Cutaneous T-cell lymphoma (CTCL) is an extranodal non-Hodgkin's lymphoproliferative disease characterized by the infiltration of malignant T-cells into the skin (1). The two most commonly recognized forms of CTCL are mycosis fungoides (MF) and a leukemic variant, Sézary Syndrome (SS). MF, the predominant subtype of cutaneous lymphomas, presents with localized erythematous scaly patches and plaques on the trunk. Overall, this CTCL subtype has an indolent course and a good prognosis. MF patients often live >10–15 years with no further progression until the later stages of the disease. Histologically, the epidermis may show hyperkeratosis, acanthosis, the presence of Pautrier's microabscesses and a notable lack of significant spongiosis. Additionally, a dermal lichenoid infiltrate of atypical T lymphocytes (with atypical/cerebriform nuclei) and minimal papillary dermal fibrosis are often observed (2–4). SS is an aggressive subtype of CTCL with a poor prognosis and a mean disease-specific survival of only 2–4 years (5). SS patients present with erythroderma, pruritus, generalized lymphadenopathy, and circulating malignant T cells (6). The disease develops either de novo or evolves from an idiopathic erythroderma (7).

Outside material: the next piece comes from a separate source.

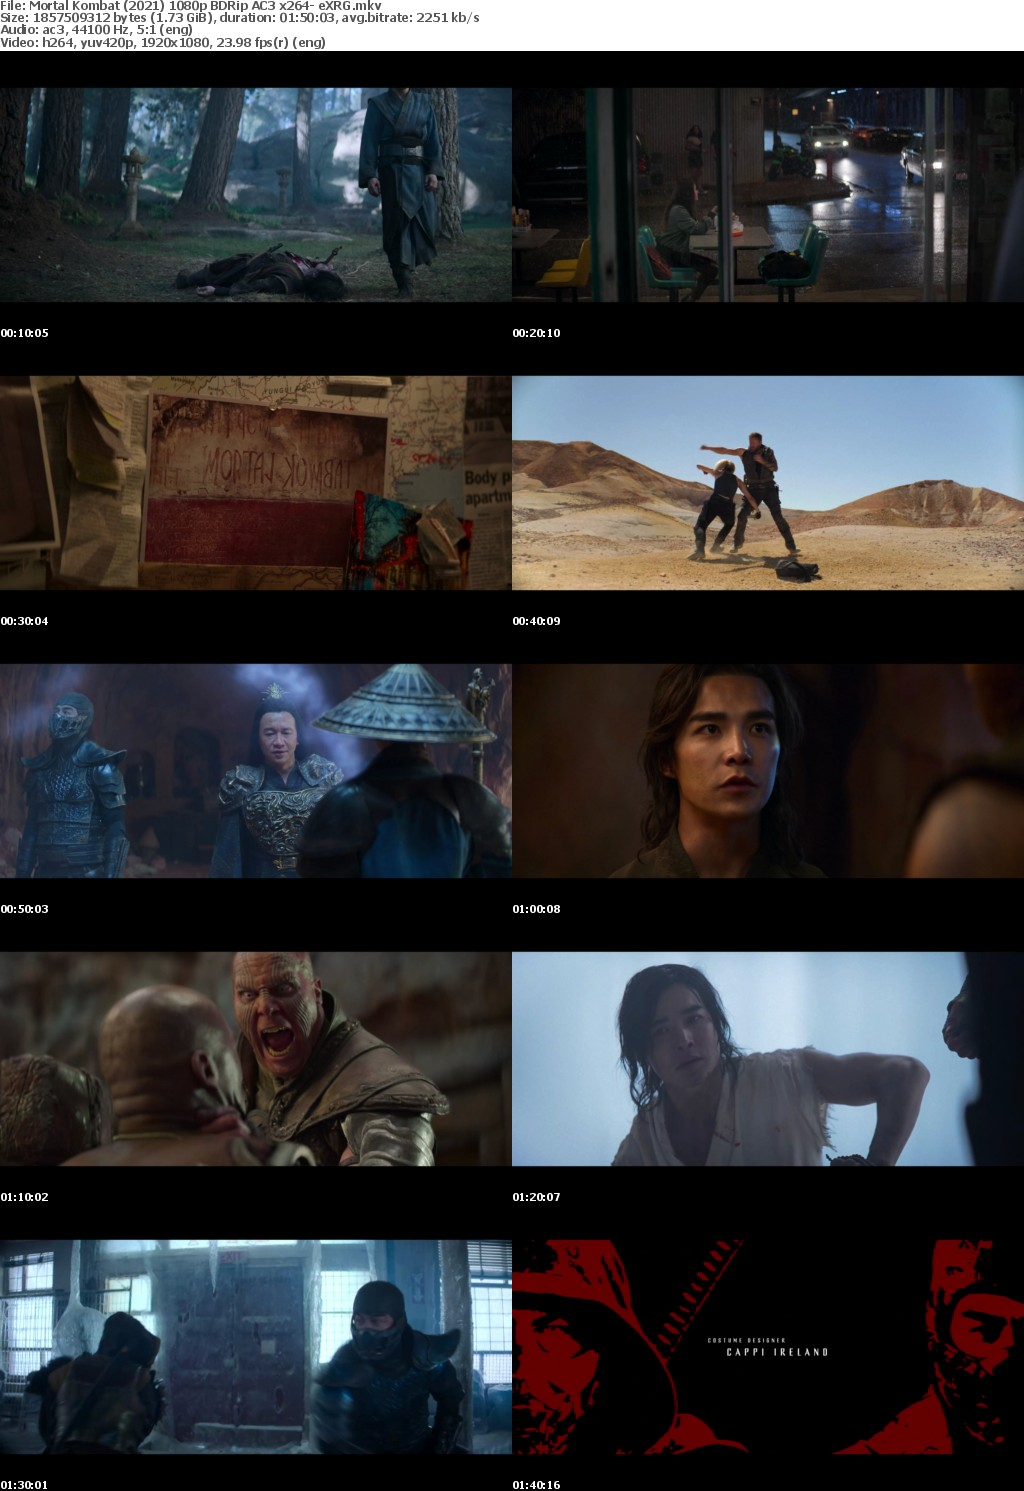 Mortal Kombat (2021) 1080p BDRip AC3 x264- eXRG

Genomic CTCL studies have been steadily increasing in number and revealed extensive chromosomal instability in malignant T cells from patients and patient-derived cell lines (8–10). In fact, an essential criterion for SS diagnosis is the presence of a chromosomally abnormal malignant T cell clone (11). Consistent with prior studies, we have characterized distinct genomic and transcriptional heterogeneity in MF and SS, that were demonstrated by widespread genomic alterations including translocations, insertions, deletions, and extensive copy number variations (9, 10, 12–16).

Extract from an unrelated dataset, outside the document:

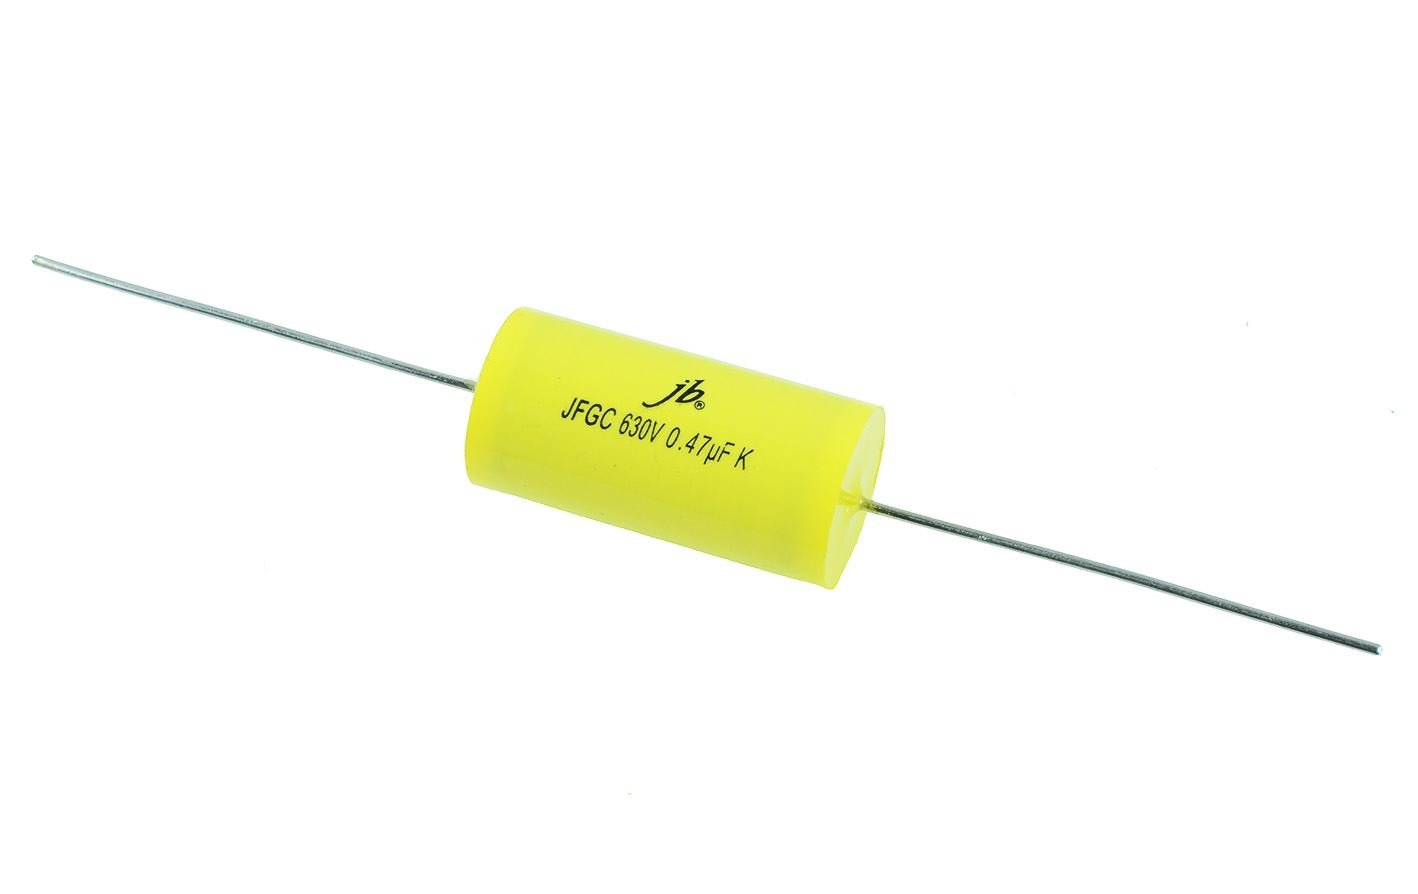 25 St/ück 25 x 1nF axiale metallisierte Polypropylen-Folien-Kondensator 630 V /± 10/%

Current research has demonstrated the ectopic expression of a variety of CT antigens in CTCL, including the MAGE (17, 18), CAGE (19), and GAGE proteins (20) that confer several hallmarks of cancer including sustained growth, angiogenesis, evasion of apoptosis, tissue invasion, and metastasis (21). With regards to genomic instability, the family of CT antigens involved in meiosis is of particular interest. Genes that regulate meiosis are exclusively expressed during oocyte development/spermatogenesis and become transcriptionally silent in normal somatic tissues. Our lab has shown that several meiCT genes including SPO11, REC8, SYCP3, and SYCP1 are ectopically expressed in CTCL (10, 22). We propose that the malignant lymphocytes in this cancer are undergoing meiomitosis, a process defined by the clashing of the mitotic and meiotic molecular machineries in malignancy. It has been proposed that the partial re-expression of meiotic genes could cause the increased genomic instability seen in dividing cancer cells (10, 23), but studies demonstrating this statement in human cancers are lacking.

The mechanisms driving meiotic gene expression in CTCL are largely unknown. The ectopic expression of meiotic proteins involved in crossing over, meiotic DSB formation and repair, may promote genomic rearrangements (21, 24), Moreover, mitotic expression of meiotic cohesins could promote aneuploidy by eliciting an aberrantly assembled mitotic spindle that can result in the shearing and mis-segregation of DNA (23, 25, 26). We have recently demonstrated the ectopic expression and function of meiotic genes in patient-derived CTCL cell lines representing both MF and SS, and in lymphocytes isolated from stage IV SS patients (10). We demonstrated that the ectopic expression of STRA8, SYCP1, 3, and other proteins in CTCL is tightly regulated throughout the cell cycle and that their expression is the result of a loss of epigenetic transcriptional repression. Moreover, we proposed that the extensive chromosomal instability seen in CTCL may result from the aforementioned ectopic expression of these normally restricted meiotic CT antigens (10). The current study aims to broaden the understanding of ectopic expression patterns of meiCT genes in CTCL by analyzing RNA-Seq expression data from Sézary Syndrome patients and corroborating these results in 32 histologically-confirmed CTCL skin samples.

Methods

Patients and Tissues

All patients were enrolled in this study with written informed consent and in accordance with the Declaration of Helsinki from The Ottawa Hospital (REB study #20150896-01H), McGill University Health Centre and affiliated hospitals (REB study #A09-M81-10A) and Laval University (REB study # 2011HES-22808). For immunohistochemistry, we analyzed a total of 32 samples from 29 patients with CTCL.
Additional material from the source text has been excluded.